*** Opening of DATA BELOW ***
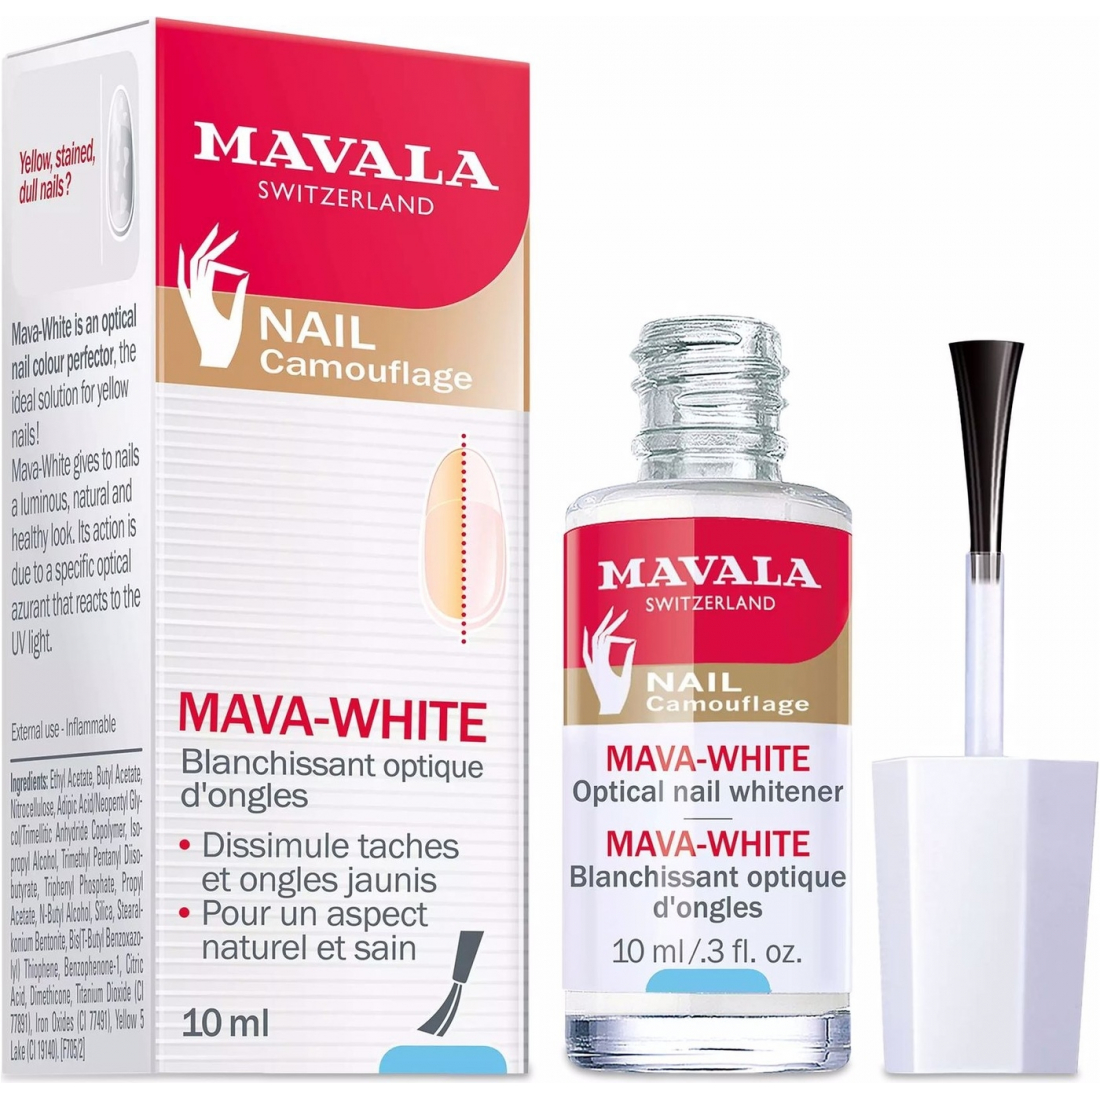 'Mava-White' Nagelaufheller - 10 ml
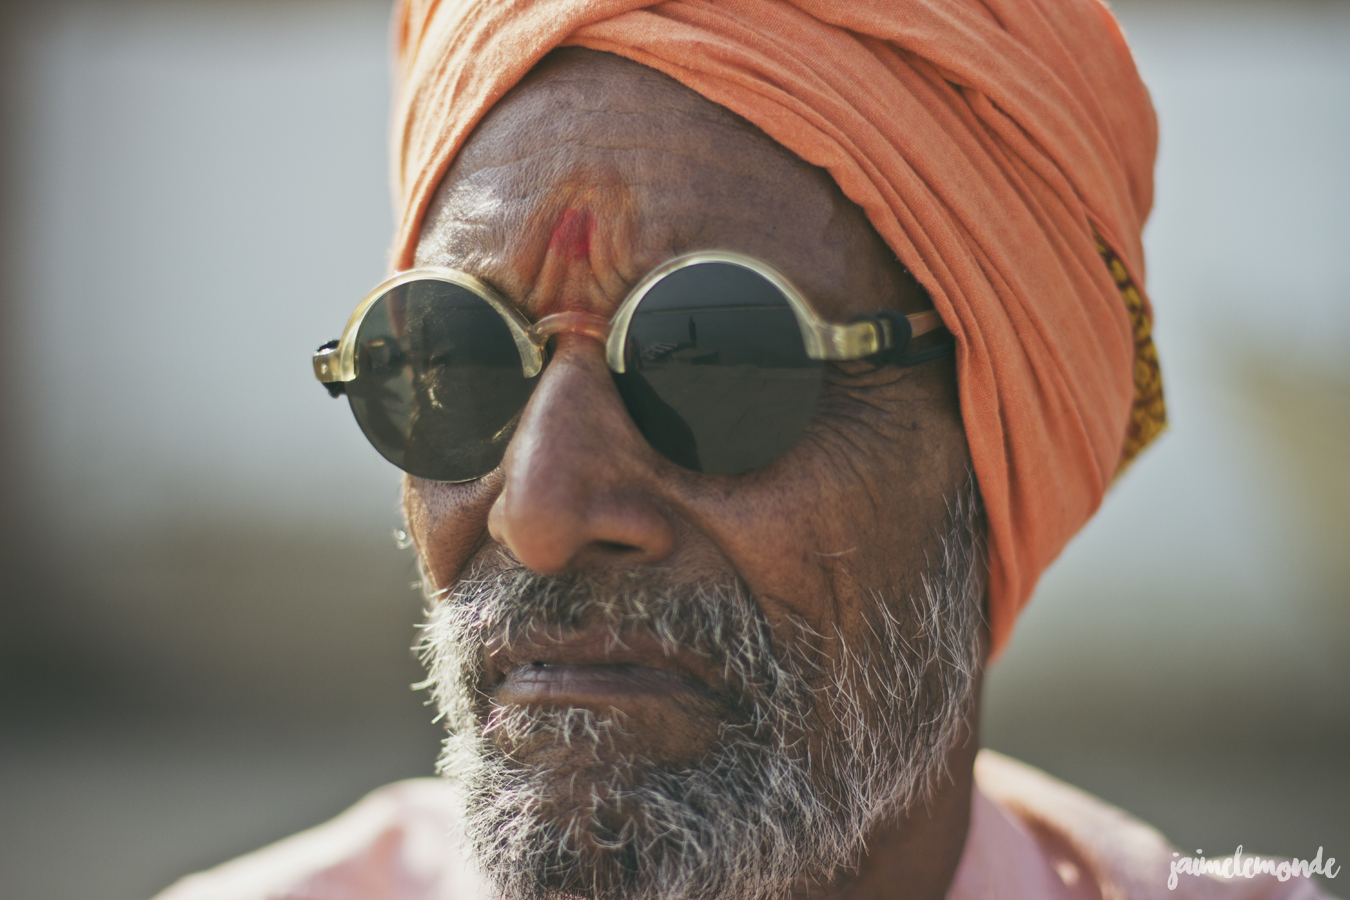 blog voyage - 33 portraits en Inde - ©jaimelemonde (28)
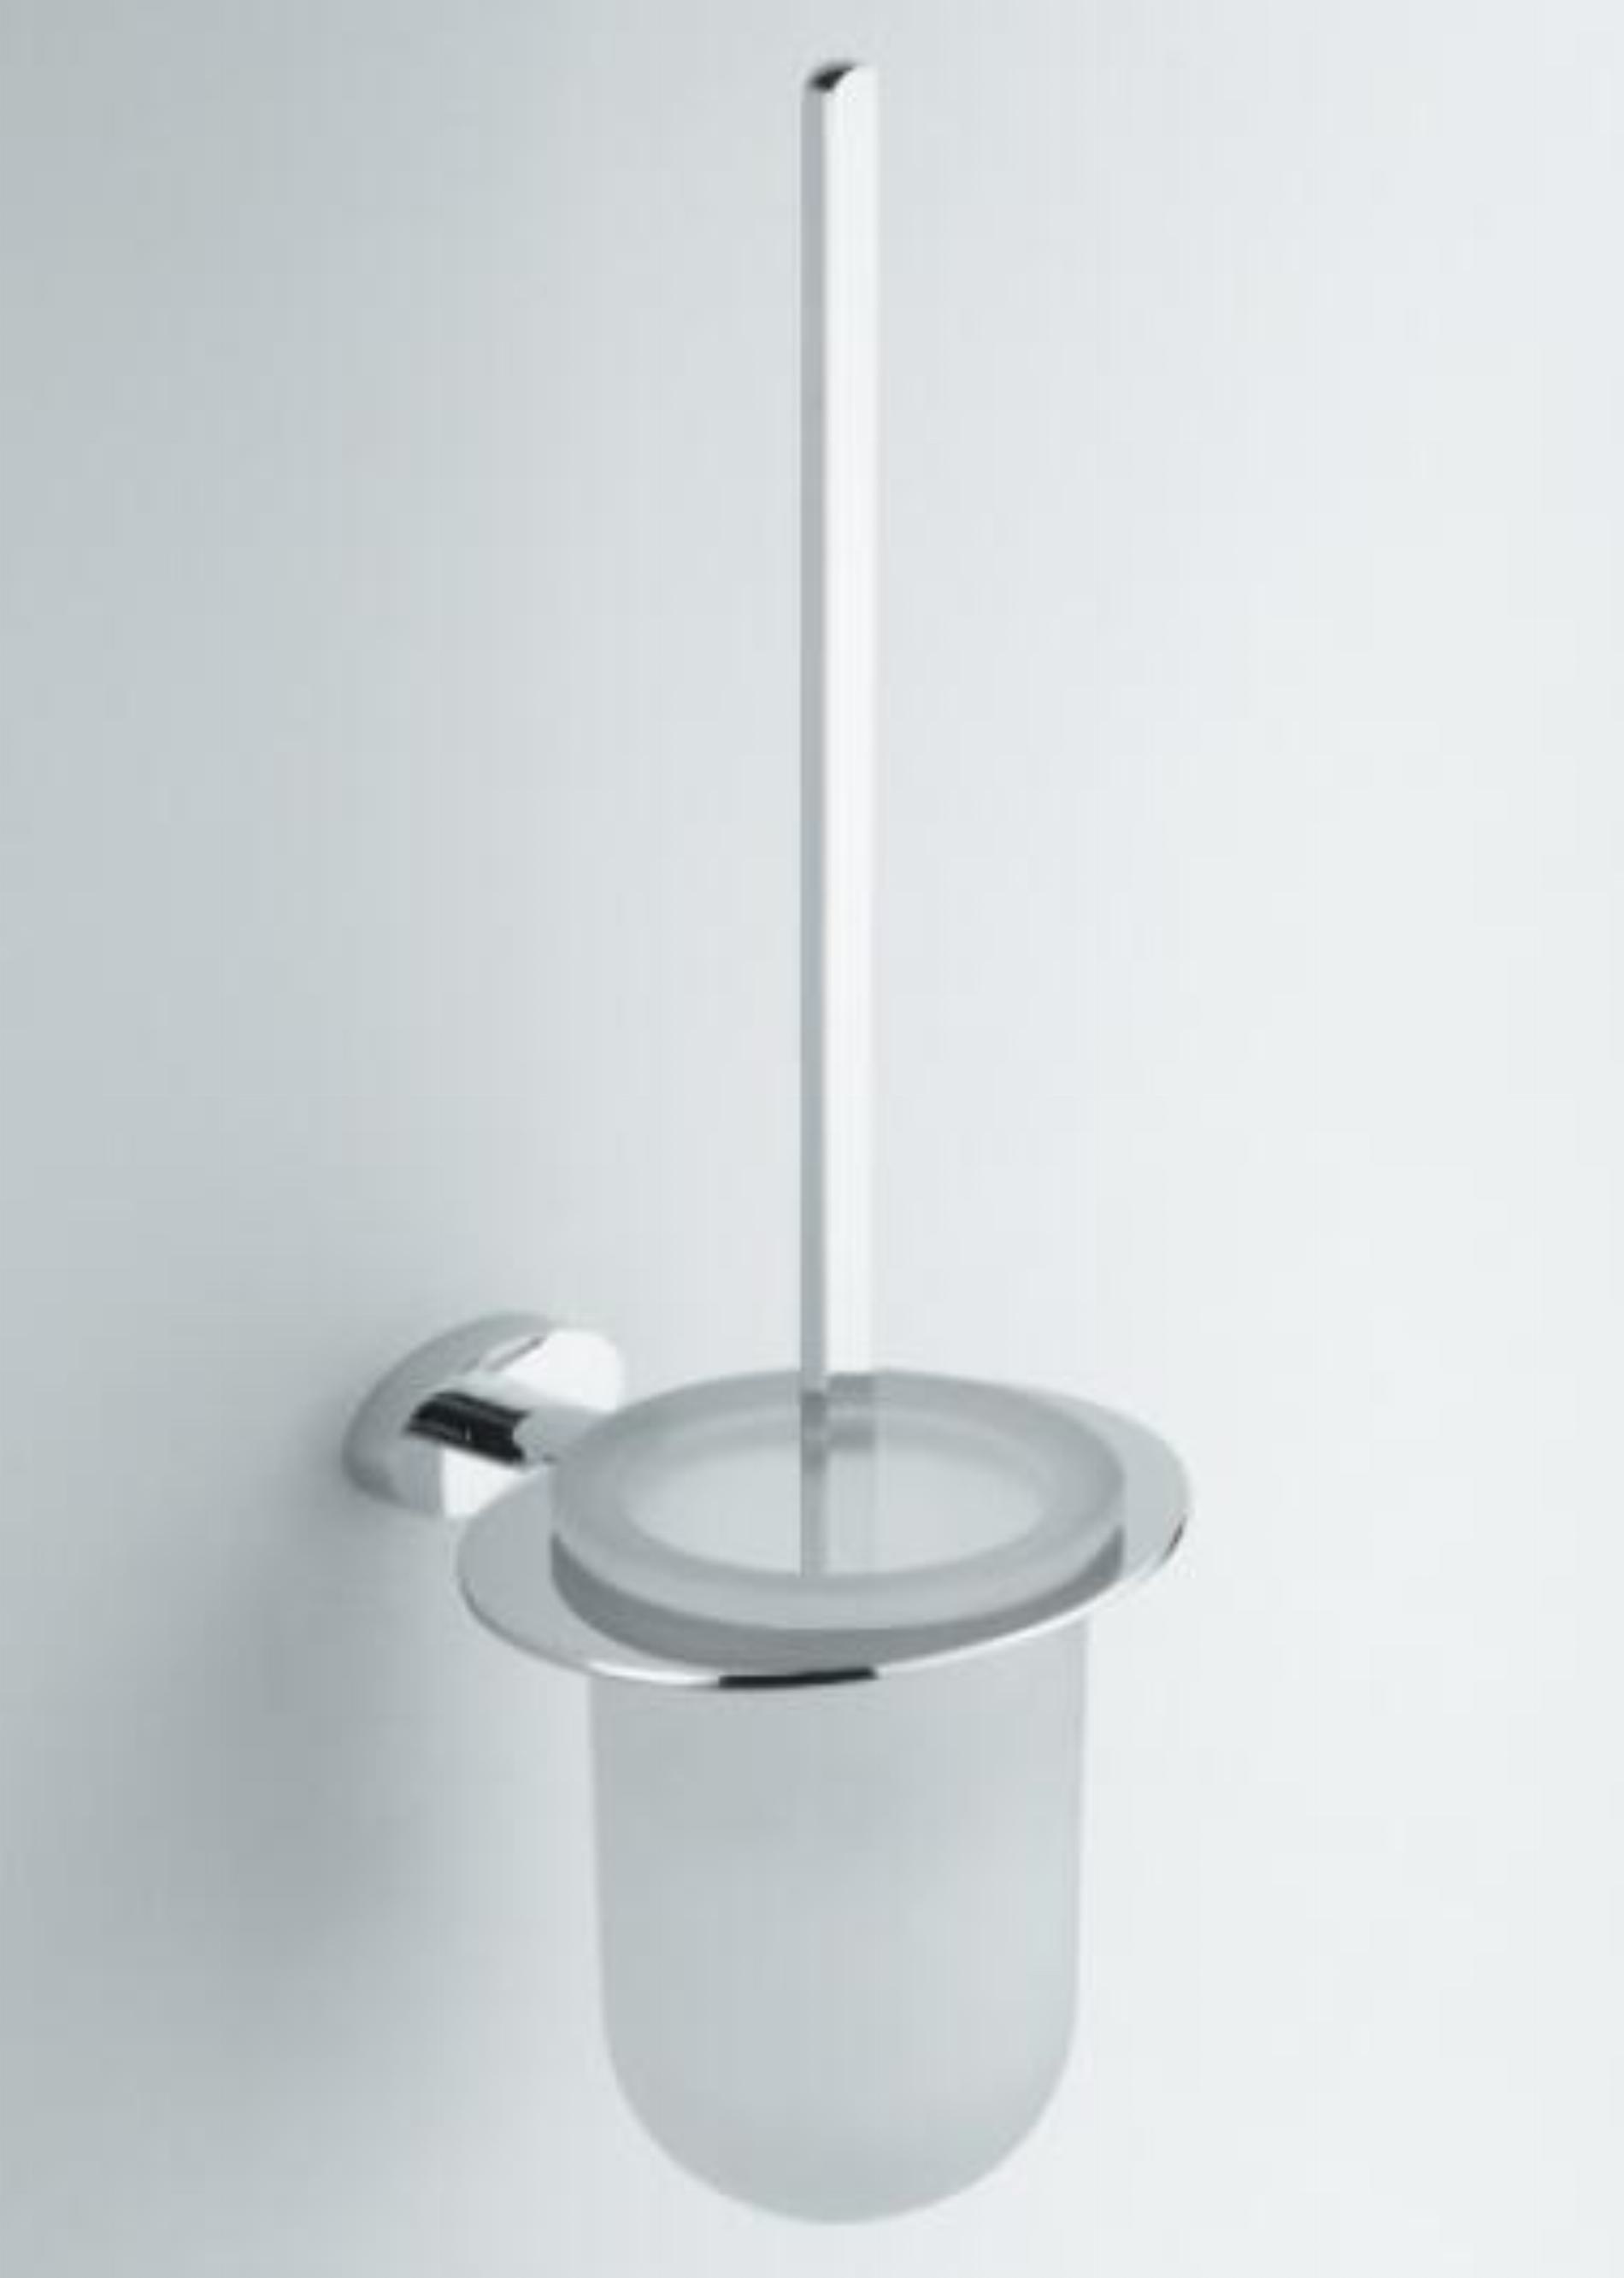 CR-Serie Toilettenbürstengarnitur
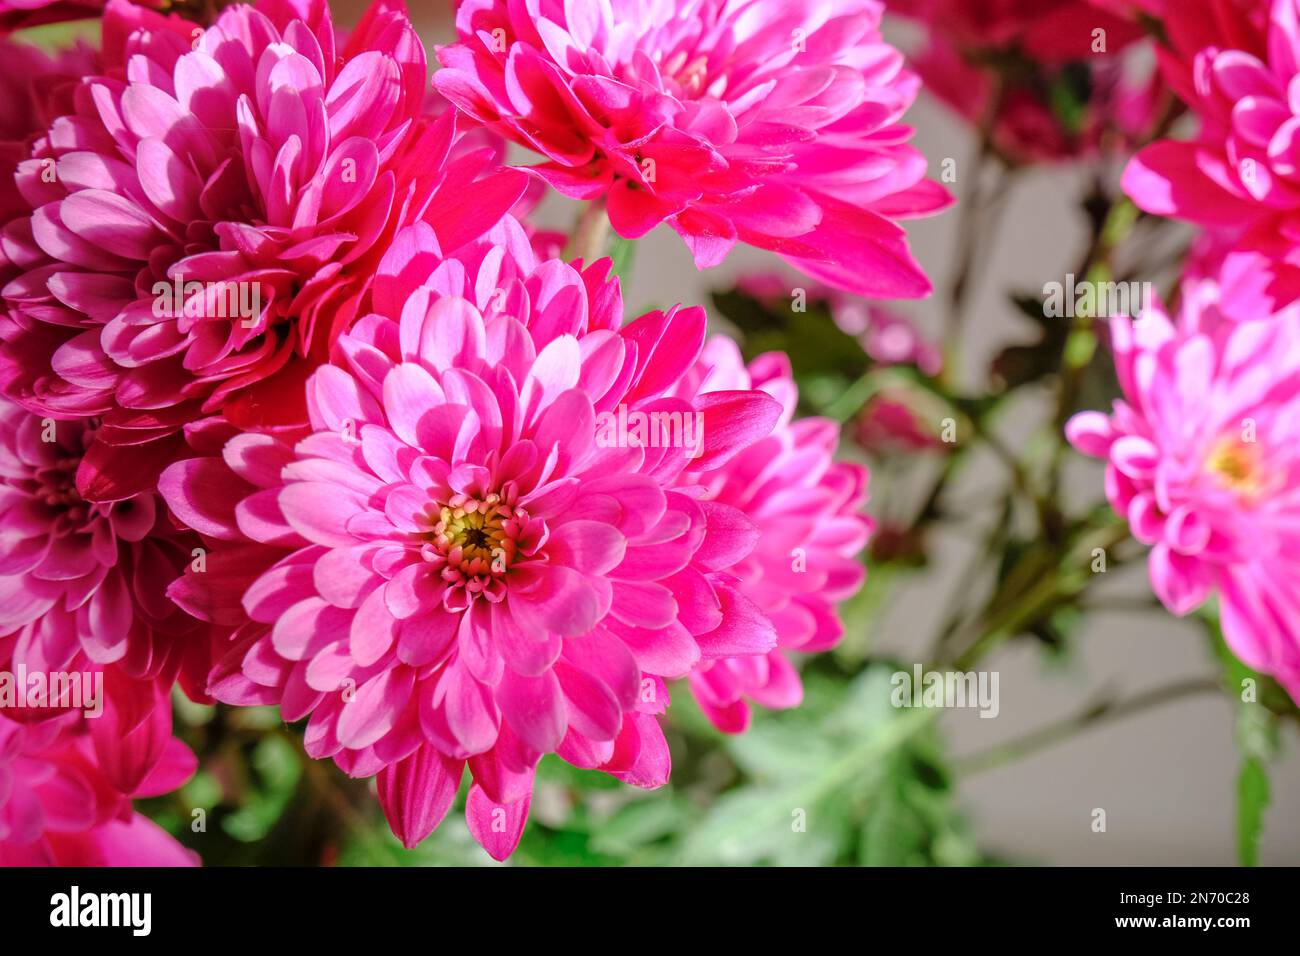 bouquet de fleurs de chrysanthème rose en gros plan. Fond floral. Carte postale. Copier l'espace. Banque D'Images
*** Close of DATA BELOW ***
■ **WHAT NEEDS TO BE DONE**: In the answer, the data should reappear exactly, with no pictures.

■ **RESPONSE AREA**:
 'Mava-White' Nagelaufheller - 10 ml
 blog voyage - 33 portraits en Inde - ©jaimelemonde (28)
 CR-Serie Toilettenbürstengarnitur
 bouquet de fleurs de chrysanthème rose en gros plan. Fond floral. Carte postale. Copier l'espace. Banque D'Images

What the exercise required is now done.